Tout ce beau monde a permis à Serge Brideau d’être un peu plus effacé que dans un show régulier des Hôtesses d’Hilaire. Ce qui n’a pas empêché Brideau de se payer un luxe : changer souvent de costume. On l’a même vu en short et en chemise comme au début des Hôtesses. Lui aussi très physique (Maxence peut vous en parler), il joue à la perfection le rôle d’un alter ego qui est tout simplement lui-même à la puissance cent.
Tout ça ne tiendrait à rien si ce n’était pas de la musique. Là-dessus, on savait que ça allait être parfait. Bénéficiant de l’appui de Mathieu Pelgag et Jonathan Bigras (toujours aussi en feu), Mico, Michel, Maxence et Léandre ont été d’une efficacité redoutable. La musique des Hôtesses est unique, planante, mais énergique, mélangeant le rock psychédélique au prog avec une énergie du commun. La musique complète si bien le décor qu’on se fout un peu que celui-ci soit un brin rudimentaire. Les nombreuses envolées musicales du groupe ont eu droit à plusieurs acclamations du public. Et la transformation du groupe en boys band acadien vers la fin du show est un moment désopilant d’autodérision.

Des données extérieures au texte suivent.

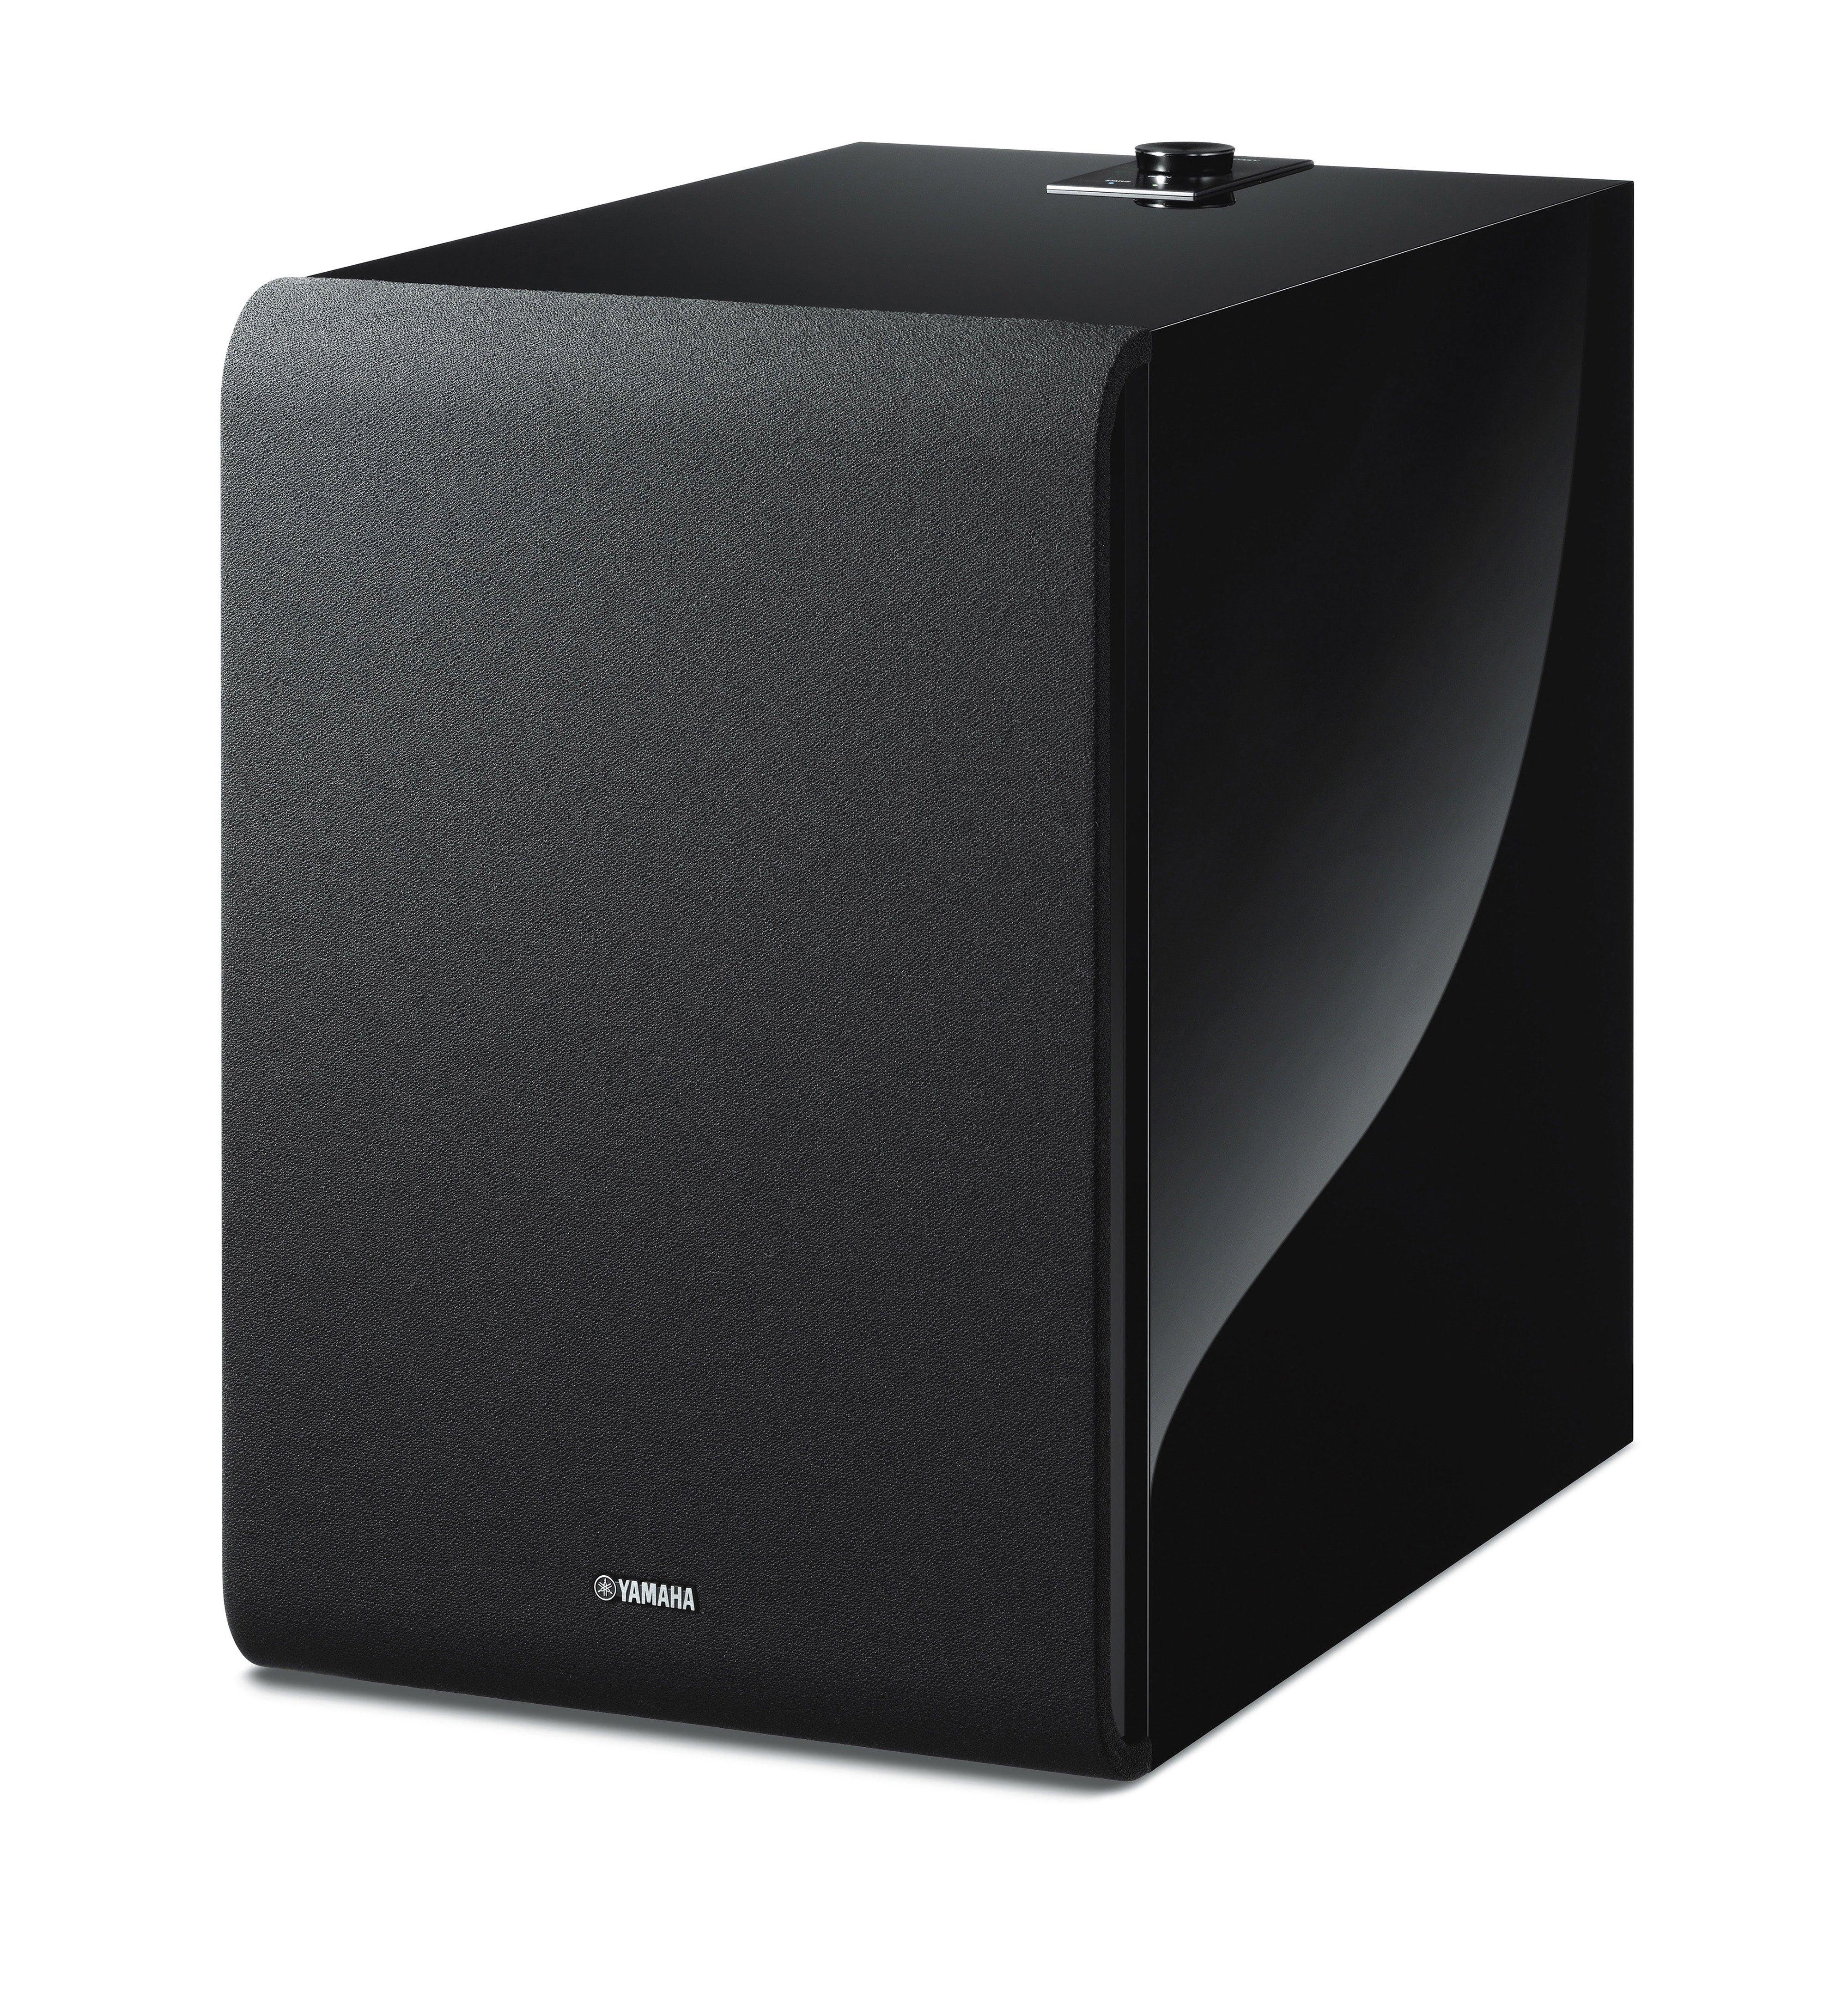 MusicCast SUB 100 - Översikt - Högtalare - Ljud   Bild - Produkter ... 0bde18abc4164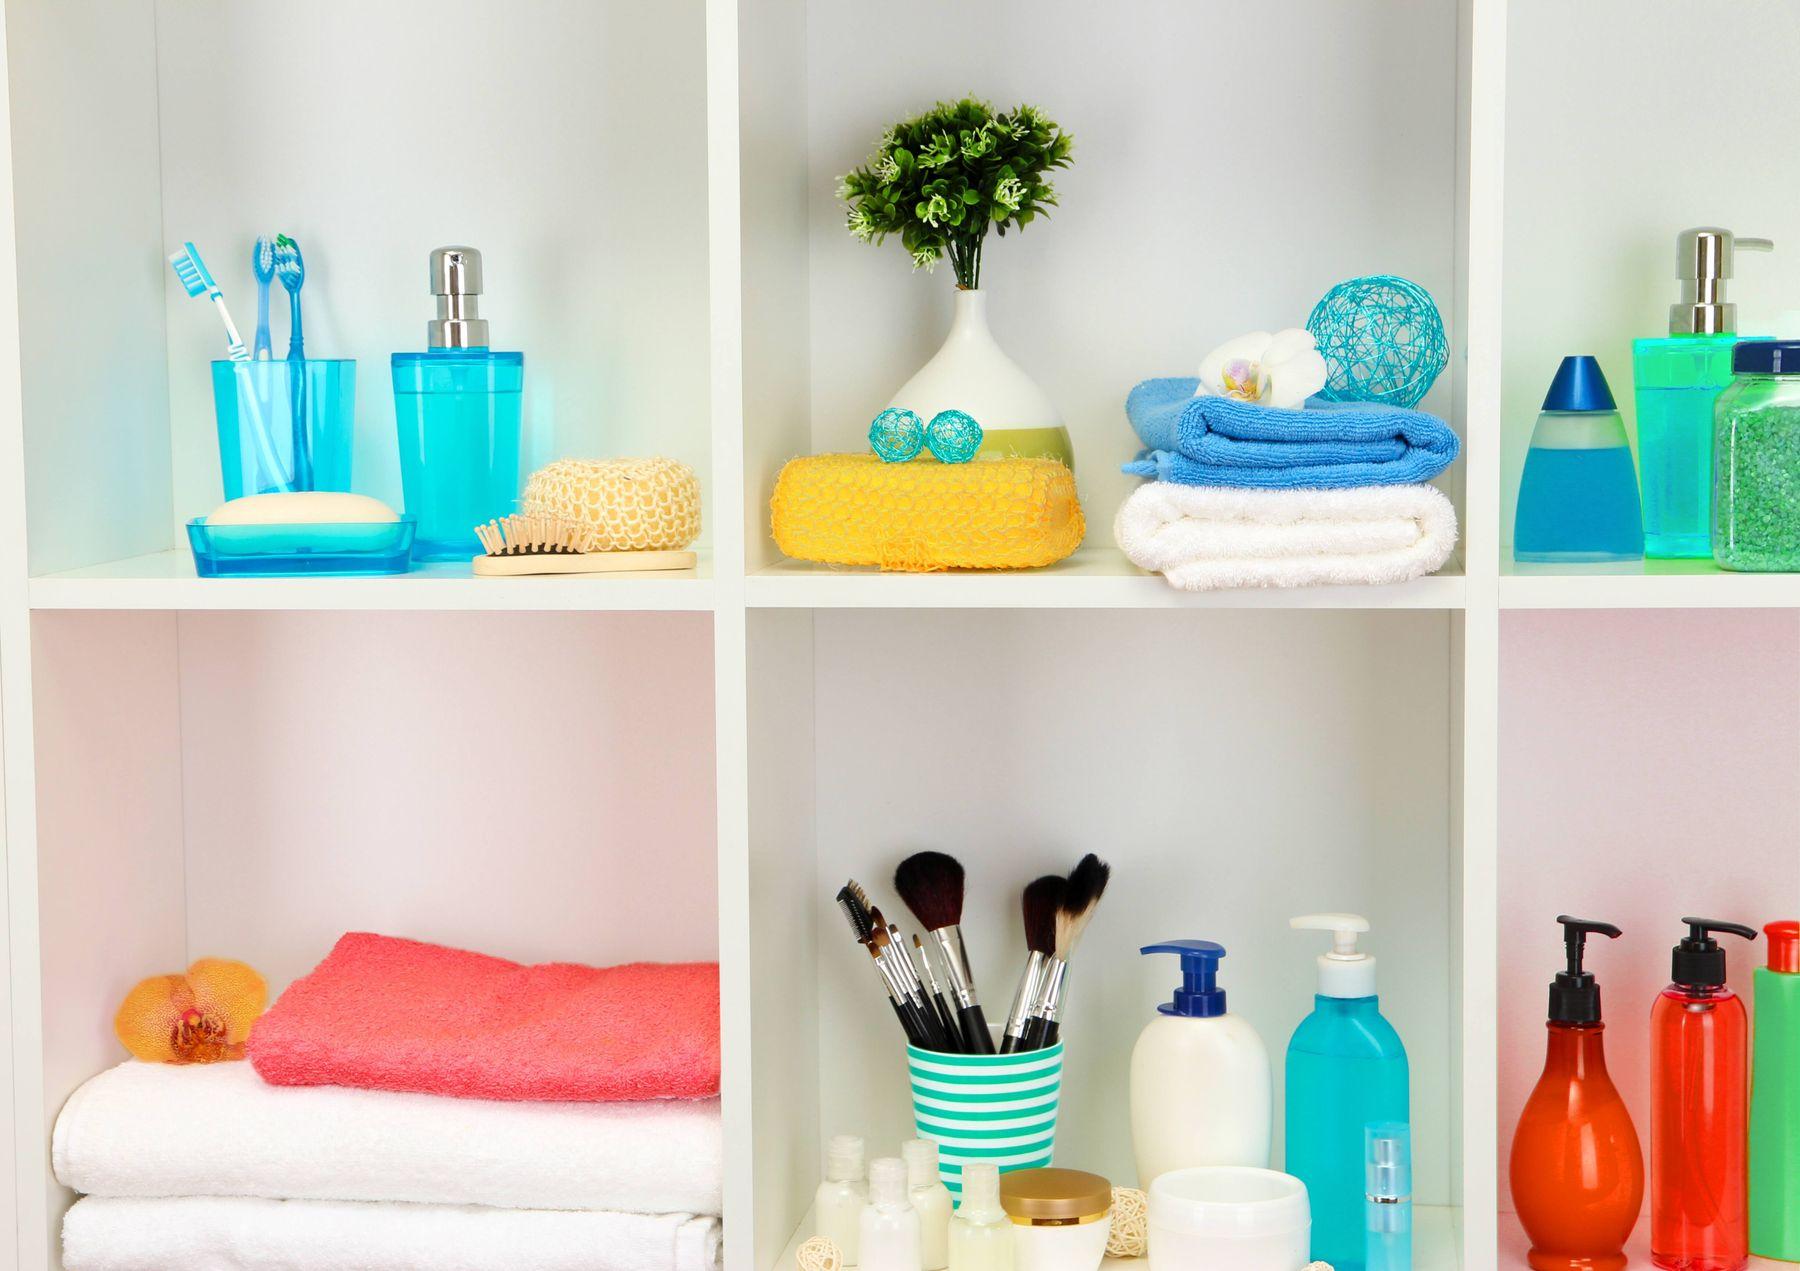 Armário do banheiro limpo e organizado com toalhas e frascos

Vous aurez compris que j’ai aimé ce show. J’ai aimé la finesse du propos dans cette histoire à la fois critique et fort amusante. Ce show-là se tient, on passe les deux heures les plus agréables qu’on a passées depuis longtemps, on en sort grandi. On a beaucoup apprécié certains éléments plus subtils (le punching bag en forme de glotte derrière la bouche) que d’autres (qu’on a bien aimés aussi, comme ce passage où on voit le visage de Francoeur en soleil des Teletubbies pendant L’éveil de Kevin).
Il y avait un autre gros avantage à voir le show sur scène : sur disque, il n’est pas toujours évident de suivre l’histoire, qui est presque toute chantée par Brideau. Sur scène, tout devient plus clair.
Seul petit bémol : pour avoir vu ce spectacle à Montréal, où nous étions tous debout, on vous avoue qu’on a trouvé le public de Québec fort tranquille dans cette salle en formule cabaret. La participation du public, qui avait ajouté pas mal de couleur à Montréal, était beaucoup plus timide, et je sais que ça en a dérangé quelques-uns. Je me demande de quoi ça avait l’air sur scène. Je dis ça, mais d’un autre côté, je vais apporter une nuance fort importante : la qualité d’écoute, elle, était de loin supérieure.
Oui, oui, à l’Impérial Bell un vendredi soir, le public écoutait le show qui lui était présenté. Et à voir les sourires béats un peu partout dans la salle, cette proposition était accueillie avec un grand bonheur.
Viens avec moi m’a ramené à mes 14 ans, quand je suis allé voir Pink Floyd au Stade Olympique avec mes deux amis tout aussi ados que moi. Une expérience unique qui m’a fait oublier (deux fois plutôt qu’une) l’univers autour de moi pendant un instant, question de plonger dans l’univers qui s’ouvrait devant mes yeux. Un des dix meilleurs concerts que j’ai vus à vie. Rien de moins.